On this basis, I’m not at all surprised that Hughes did well. He’s a good performer, no doubt about it. But is the Guardian seriously saying that it the sole criteria for electing a leader?

Even with that caveat, the small polling size makes the statistics so open to error as to be meaningless. And then there is the question of what bit of footage they chose for the three candidates.

All in all, this is pretty meaningless. I’m sure – quite reasonably – that Simon Hughes’ team will leap on it, but to what degree it will influence the outcome remains to be seen. Notwithstanding his interviews on Monday, Hughes remains remarkably the most low profile of the three candidates.

4 comments

  1. I agree that it is not worth placing too much reliance on this. Although the Guardian article did make interesting reading.

    Whoever gets elected will start to score higher in these exercises.

    Being leader gives them a profile that being candidate cannot give.

  2. I’m sure the Guardian isn’t suggest being a good performer is the *only* criteria, but it is by far the most important.

    This election is *not* about policy. All the candidates policies are pretty similar anyway, and it’s conference that decided policy anyway. This election is about who the general public will vote for.
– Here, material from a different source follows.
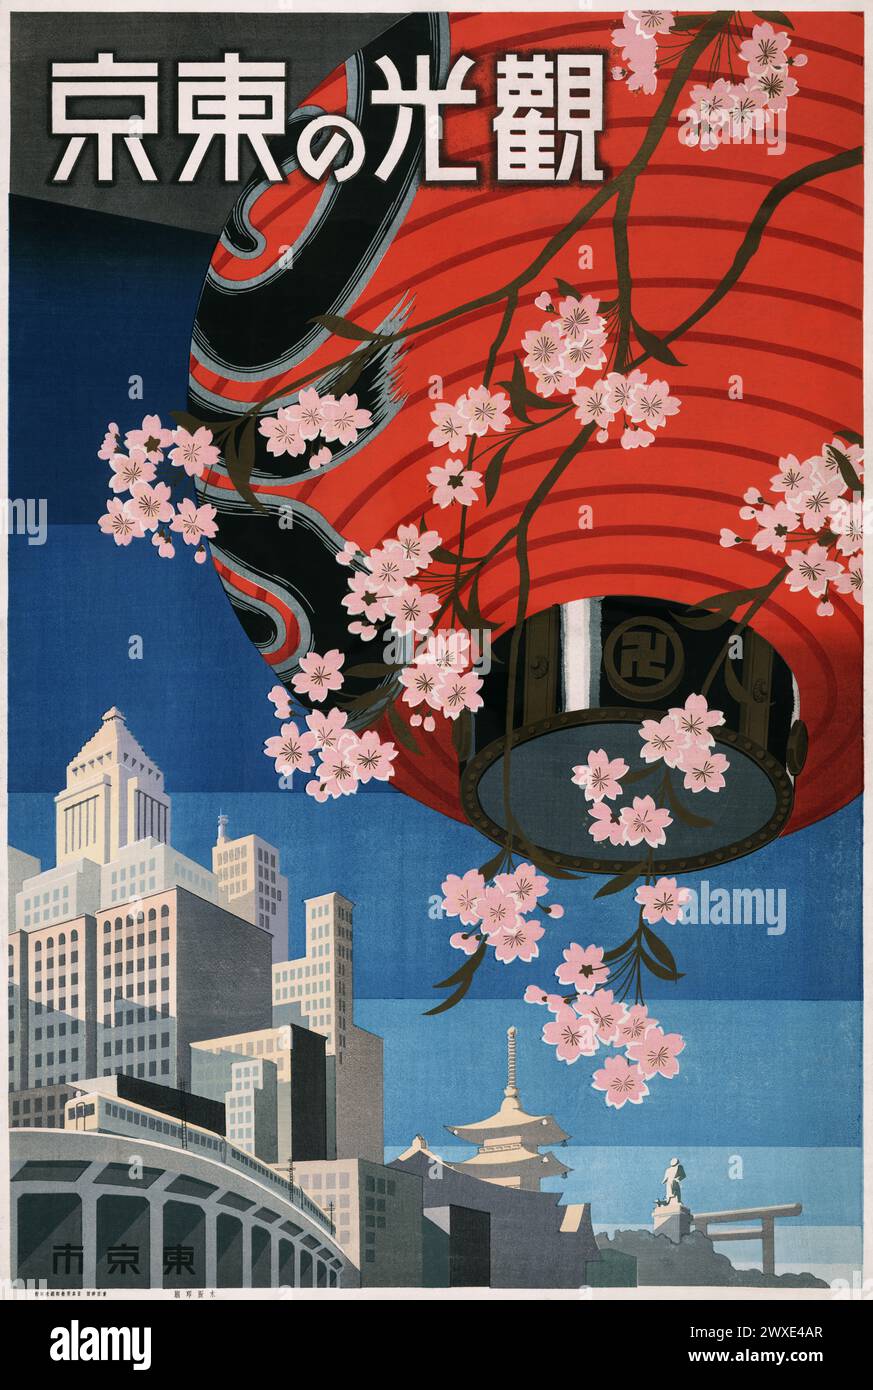 Affiche de voyage pour Tokyo montrant une lanterne en papier avec des cerisiers en fleurs et des bâtiments modernes et traditionnels avec chemin de fer surélevé au loin. 'Venez à Tokyo.' Imprimé à Tokyo, années 1930 Banque D'Images

  3. I agree I’d like to see the clips that the Guardian used for this exercise. I still have some suspicion that the David Cameron deliberative poll for Newsnight was highly prejudiced in both audience selection and use of selective video clips.

  4. Having seen the full figures in the paper edition of the Guardian, I’d agree with Peter that it makes interesting reading.

    I’d agree that presentation is a very important factor, but you would be ill-advised to over-estimate it at the expense of other things. Hague was superb presentation-wise, in terms of speech delivery better than Cameron, but he came unstuck because of the direction he was taking the party in.

    The ideal candidate has both political nouse and presentation skills. To a lesser or greater extent both Ming and Chris have that (not that there isn’t room for improvement). Simon in my view has bundles of the latter but a severe lack of the former. Keep him on the front bench, by all means, but don’t assume that just because he can make a good fist of a speech when he makes an effort he would make a good leader.